I’m very good about sticking with the plan. If I buy an art projects book or an art course, I start at the beginning and do each project with my children until we get to the end of the book or course. If I make a round up of creative projects, I don’t stop until they’re all done. But then there are spaces in between.
Recently, when I was talking to a mom-friend about how much art we do with our children, she asked about our latest projects for inspiration. “Well…,” I mumbled, “we painted a stick” (wasn’t it actually back in November?), “and we made gingerbread cookies and Christmas ornaments… Hmmm….”
That’s when I realized we are in need of a DIY Art Camp, aka Art Bootcamp. There is a good reason why boot camps are so popular. It’s an easy way to get back into the game, stay accountable, and get the creative juices flowing again. I find that once we start, it’s hard to stop. One art project has the potential of sprouting into three new ones. It’s a great adventure!
When it comes to doing art projects with my children, my simple goal is to give them an opportunity to think creatively. It’s not about certain results, but it’s about artistic expression, developing balanced thinking, and nurturing their natural creative dispositions.
I believe we are all born creative. We often forget how creative we are because we don’t get an opportunity to express our creativity.
DIY Art Camp
I find that the easiest way to set up a DIY Art Camp is to pick a theme, such as a Fairytale Art Camp or an Art Around the World Camp. Since this camp is taking place in the winter, we decided to use the winter theme this time.
How to prepare
Go over the supplies and round everything up. You can click on each day’s art project and look over the supply list.
For your convenience, a printable checklist of the supplies needed for the whole camp. I added it to the Kid Minds Library of Resources. If you are already are a Kid Minds insider, you can find the link and password in your newsletters. If you are not, you can click here to add your email to our list. No SPAM. Pinky swear.
I don’t know about your kids, but mine don’t like it when I announce “we are doing a seven-day camp starting Monday.” They start groaning, “I already have enough things to do.” Or they state matter-of-factly, “Not interested.”

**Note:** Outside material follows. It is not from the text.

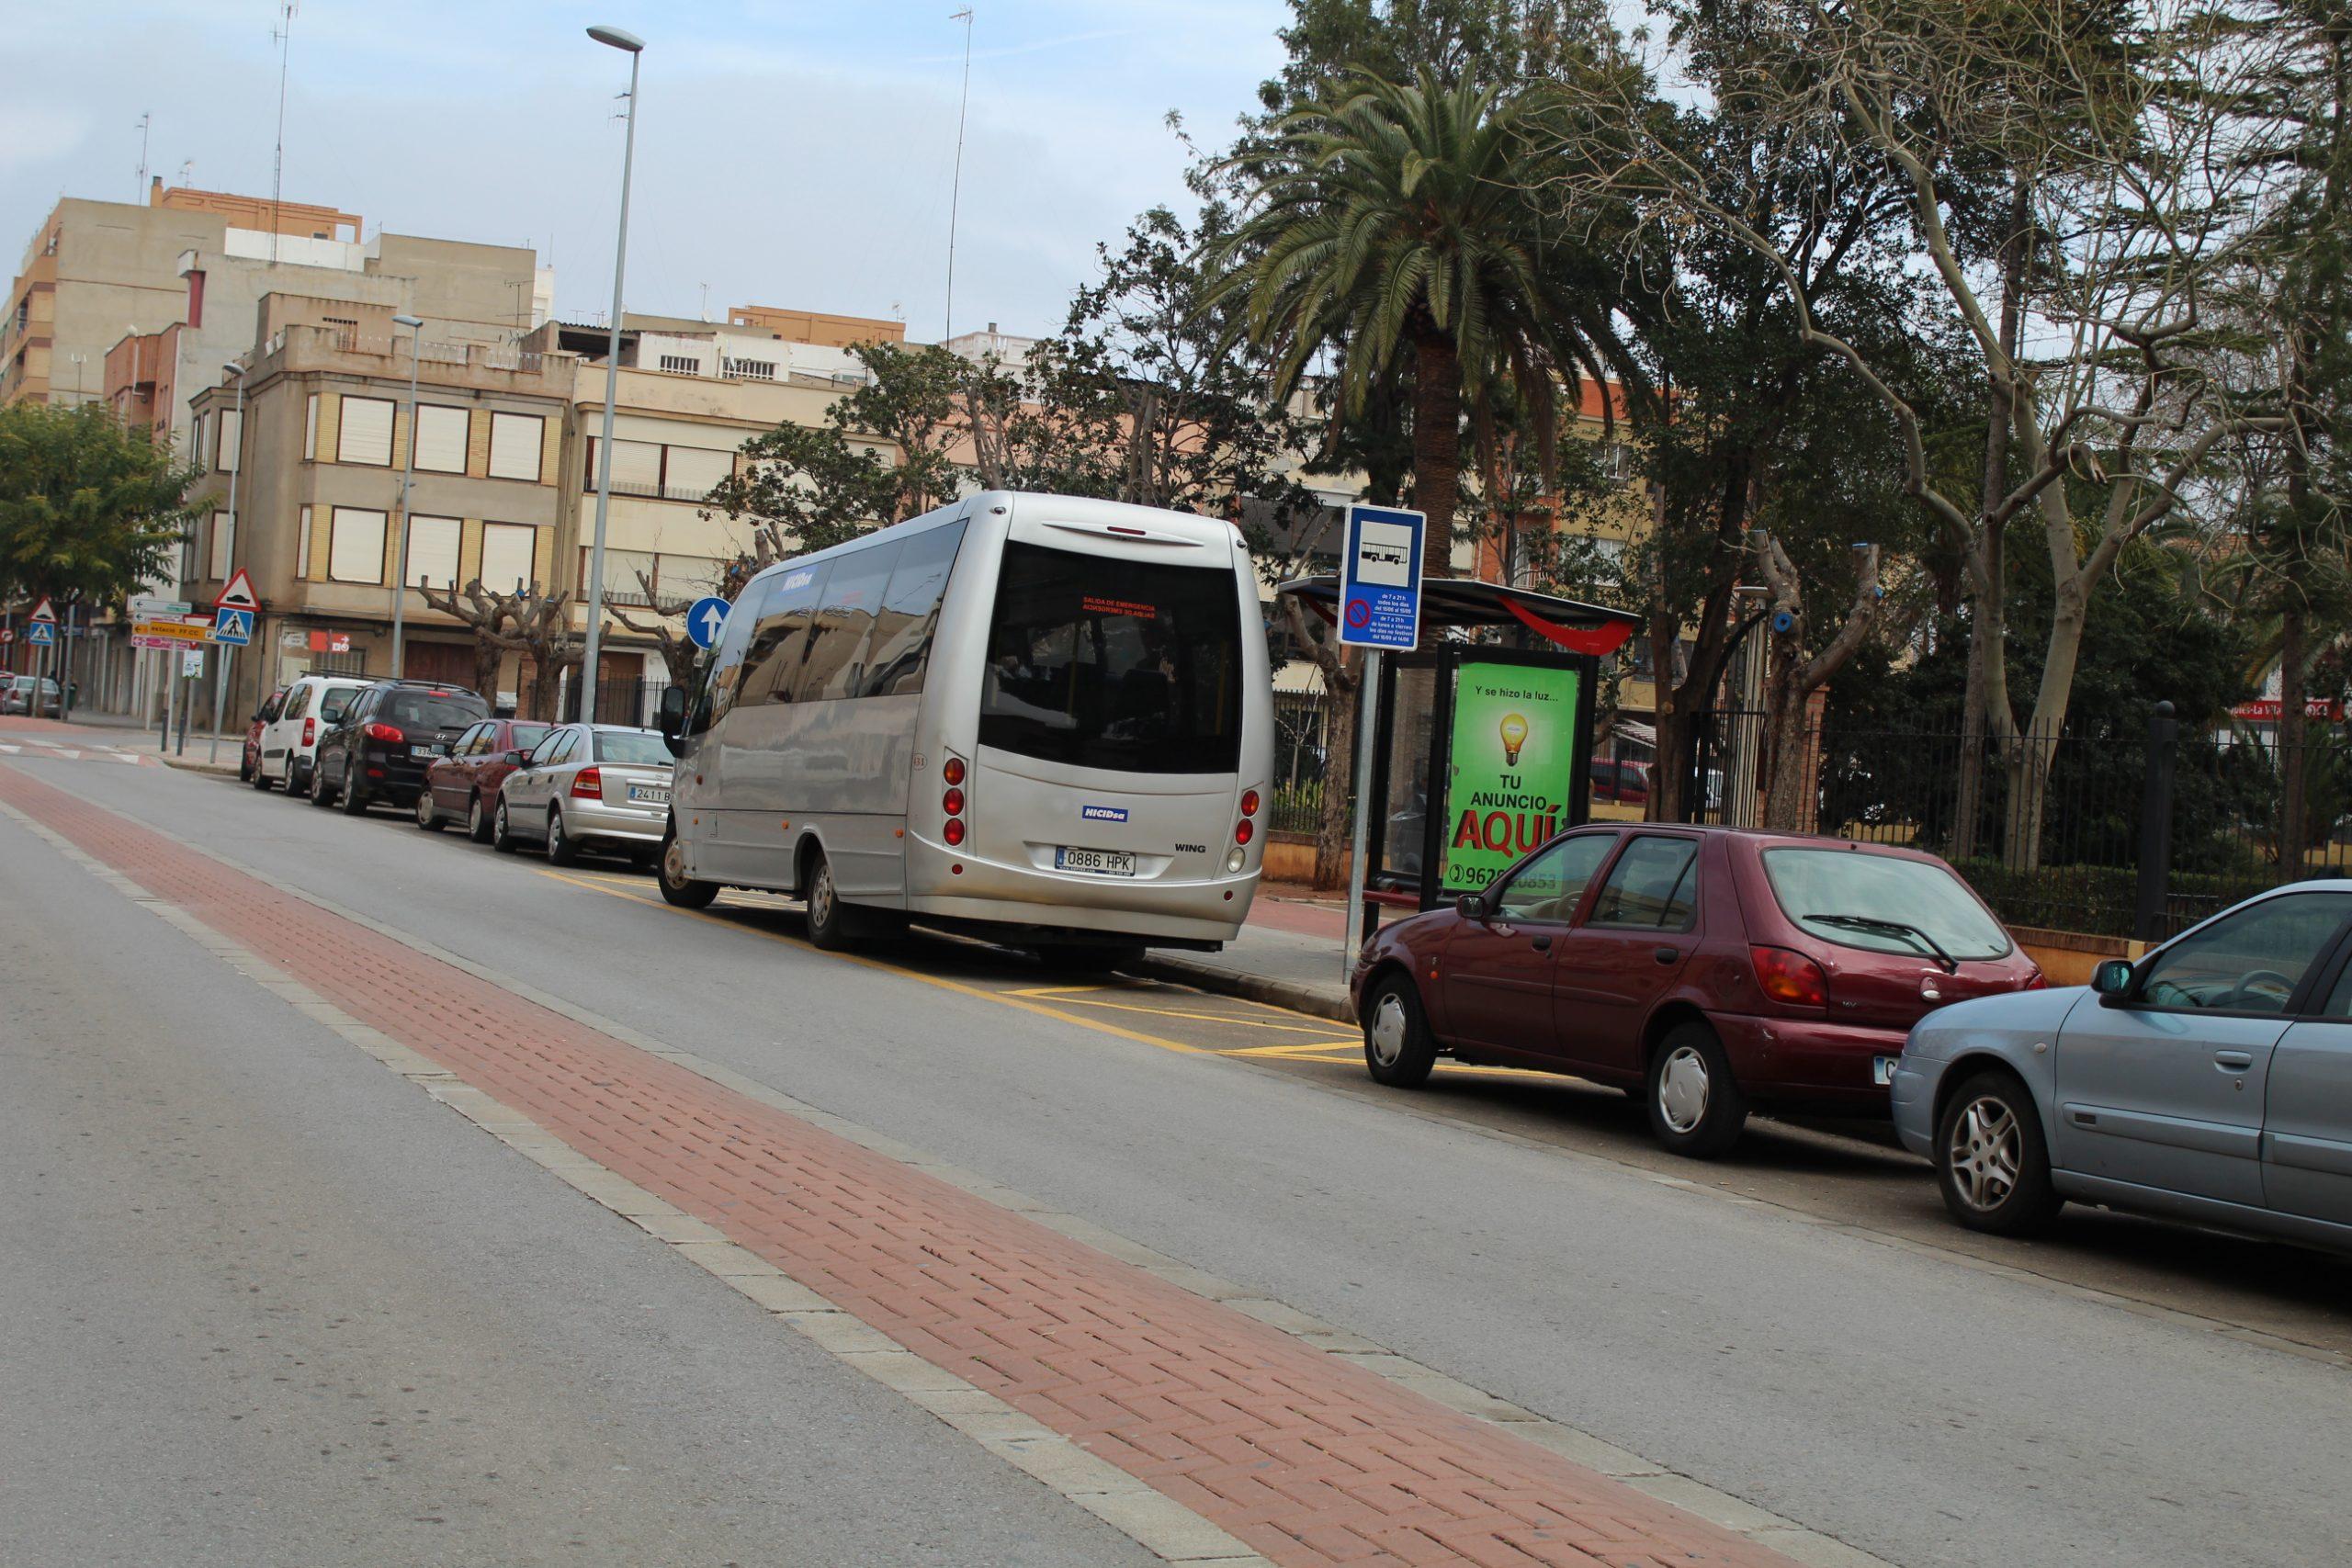 Nules conmemora el miércoles el 'Día Europea sin coche' con la gratuidad del bus urbano

When kids go to art camp outside of the home, they are trapped into participation. Unless they want to sit in a corner by themselves bored out of their minds, they need to join in. But at home, kids have lots of fun options. They can play with their favorite toys, read an exciting book, or play outside.
I learned my lesson from past experiences, so now I simply round up the supplies and start doing the first project on my own when all my kids are nearby, such as after a meal (save the cleanup for later). Someone or other is sure to come over and say, “This looks like fun. Can I try?” Then someone else might join in. Sometimes, there might be a late adaptor, a kid who looks at everyone’s finished work and says, “Hey, what about me?”
It makes the experience a little less organized and straightforward but ultimately more nurturing because everyone feels that they chose to do the activity. The good news is that the second day is easier because the art muscles are already activated and itching for action. By day #3, my kids are usually begging me to start right now.
You decide which approach would be most effective with your kids.
Do one project each day for a week. Click on each of these links for details and have fun!
Those winter landscapes look stunning, and you won’t believe how easy they are to put together. First, you paint the background with the shades of blue (we mixed blue tempera paint with white) and purple (mix of blue, red, and white). Then you tear brown paper with your hands to create tree trunks and branches. Glue them down. Tear and glue white paper for a snow effect. That’s it!
Day 2: Winter Wonderland Art
This project combines salt painting with washi tape art. Tape some evergreen tree shapes on paper and cover the whole page with liquid blue watercolor. Sprinkle kosher salt on top for a snow effect. Once it dries, remove washi tape. You can decorate the trees if you wish.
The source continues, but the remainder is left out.